At issue was whether jurors might have thought 
that they had to unanimously agree on each piece 
of mitigating evidence being weighed against the 
aggravating circumstances justifying a death sentence.

There is no unanimity requirement for jurors 
considering mitigating circumstances. They are 
free to consider anything that might weigh against a death sentence.

In contrast, all jurors must agree on any 
aggravating factors. In addition, jurors must 
unanimously decide that the prosecution has 
proved beyond a reasonable doubt that those 
aggravating factors outweigh any mitigating circumstances.


The 'Mills standard'

In some cases jurors have been given faulty 
instructions by the trial judge that jurors must 
unanimously agree on the mitigating factors. Such 
instructions are inaccurate and unconstitutional 
under a 1988 Supreme Court decision called Mills v. Maryland.

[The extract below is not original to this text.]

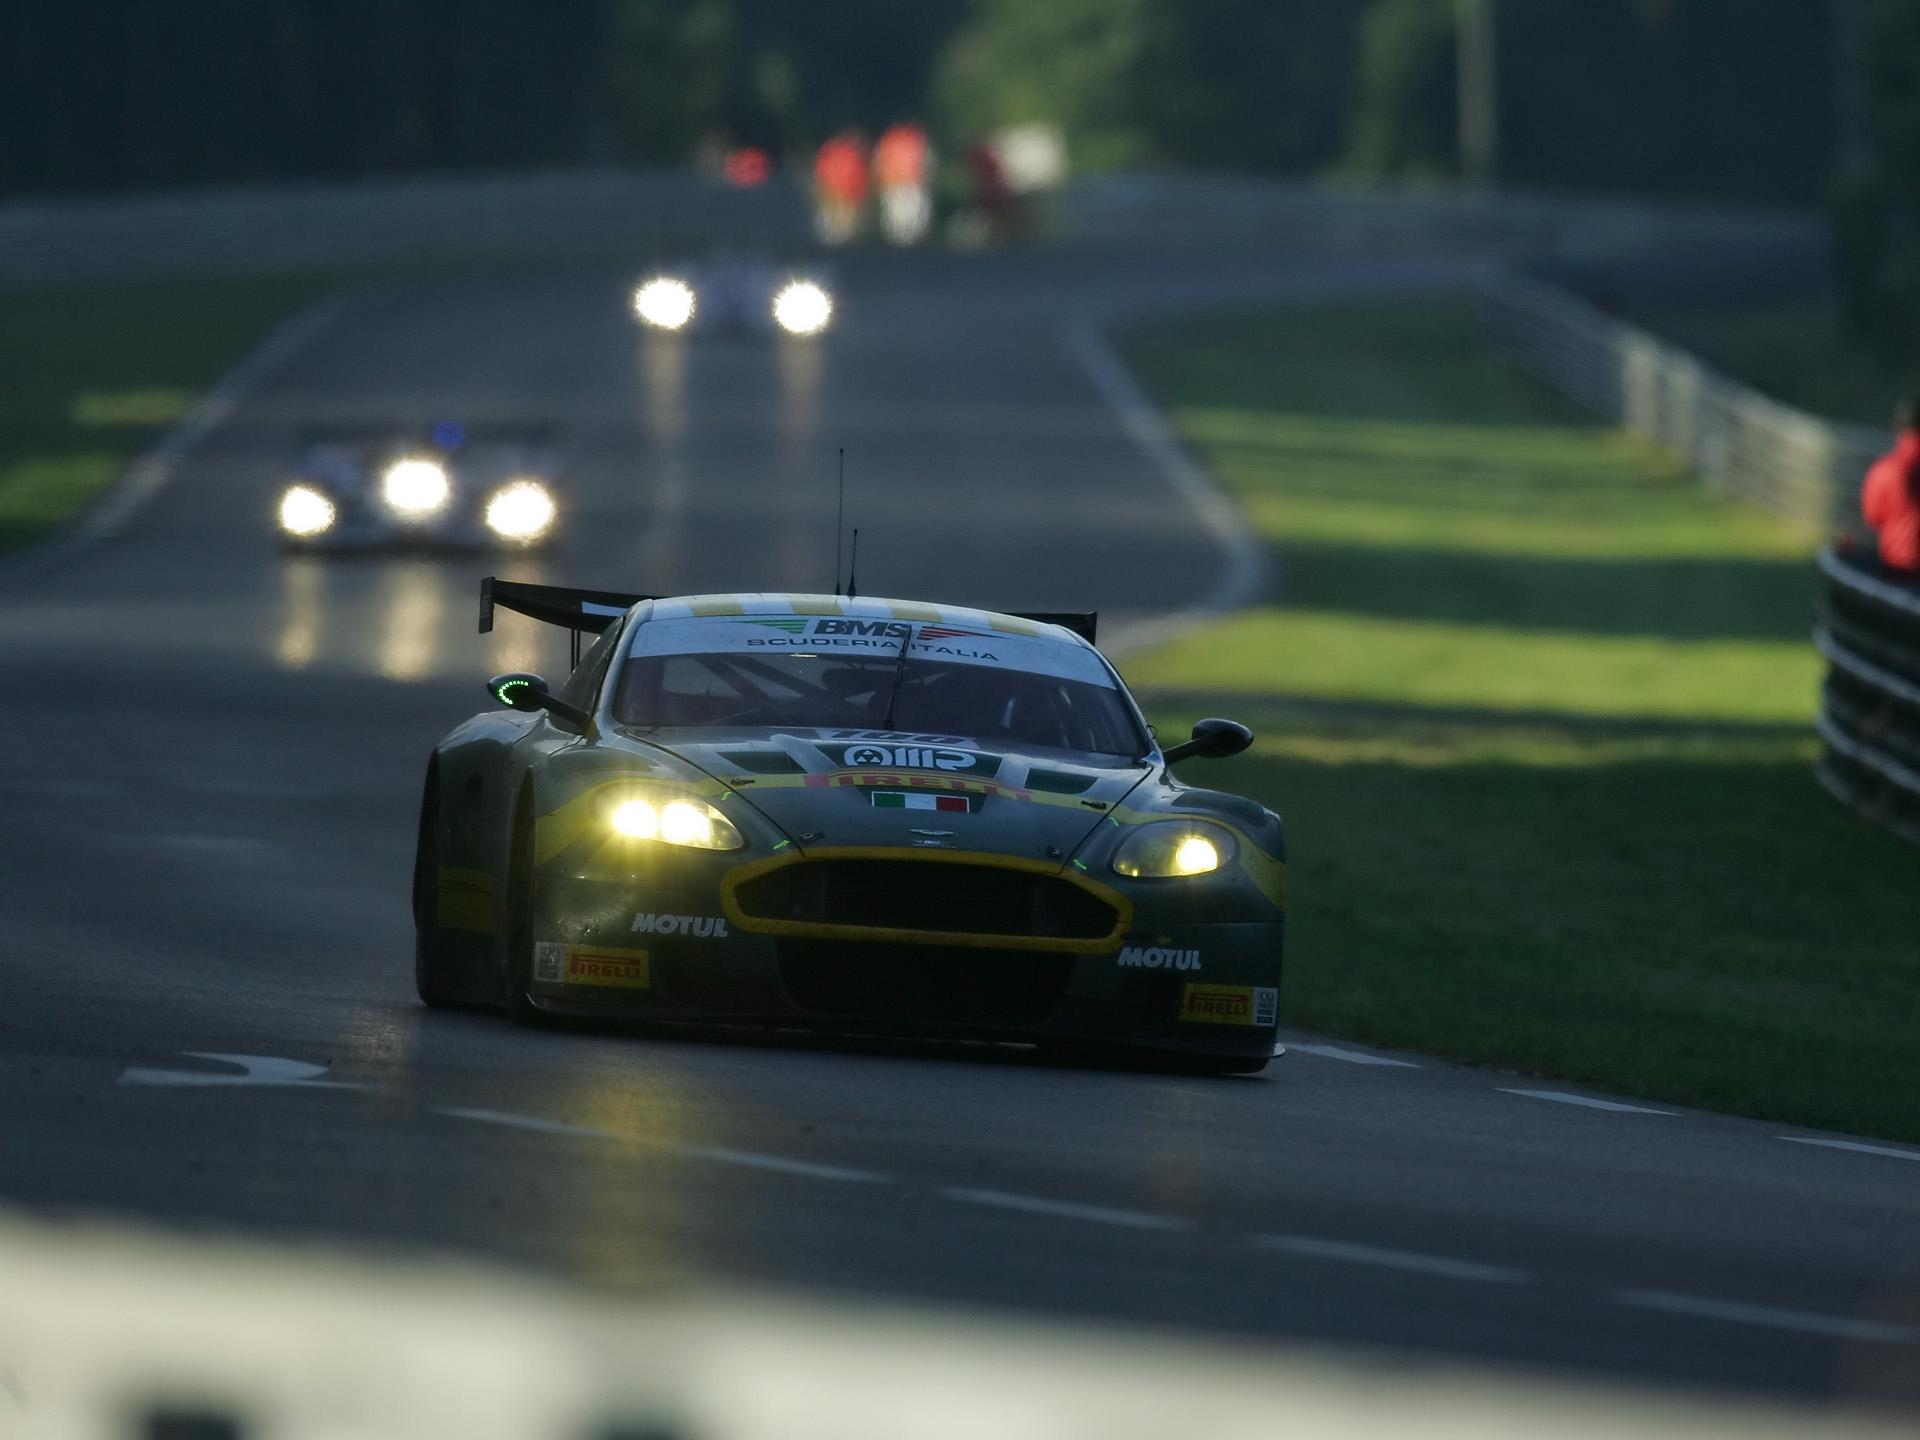 82704 скачать обои Спорт, Машины, Астон Мартин (Aston Martin), Тачки (Cars), Вид Спереди, Зеленый, Стиль, 2005, Трасса, Гонка, Dbr9 - заставки и картинки бесплатно

In the Mills case the high court ruled that a 
defendant must receive a new sentencing hearing 
whenever there is a “substantial possibility that 
reasonable jurors 
 well may have thought they 
were precluded from considering any mitigating 
evidence unless all 12 jurors agreed.”

In the Abu-Jamal case, the federal appeals court 
ruled that Abu-Jamal should either receive a new 
sentencing hearing or have his death sentence be changed to a life sentence.

Last Tuesday, the high court decided a similar 
case, Smith v. Spisak. The case was like 
Abu-Jamal’s in that a state court had upheld the 
jury instructions and verdict form, but a federal 
appeals court overturned that ruling after 
concluding that there was a violation of the Mills standard.


Supreme Court's decision

In the Spisak case, the high court reversed the 
federal appeals court in a decision that will 
make it harder in future cases to argue possible 
juror confusion short of a judge actually giving 
the wrong instructions to the jury.

“The instructions did not say that the jury must 
determine the existence of each individual 
mitigating factor unanimously,” Justice Stephen 
Breyer wrote in the majority opinion last week. 
“Neither the instructions nor the forms said 
anything about how – or even whether – the jury 
should make individual determinations that each 
particular mitigating circumstance existed.”

Justice Breyer added: “In our view the 
instructions and verdict forms did not clearly 
bring about, either through what they said or 
what they implied, the circumstances that Mills found critical.”

It will now be up to the Third Circuit to apply 
this new, tougher test to the facts of Abu-Jamal’s case.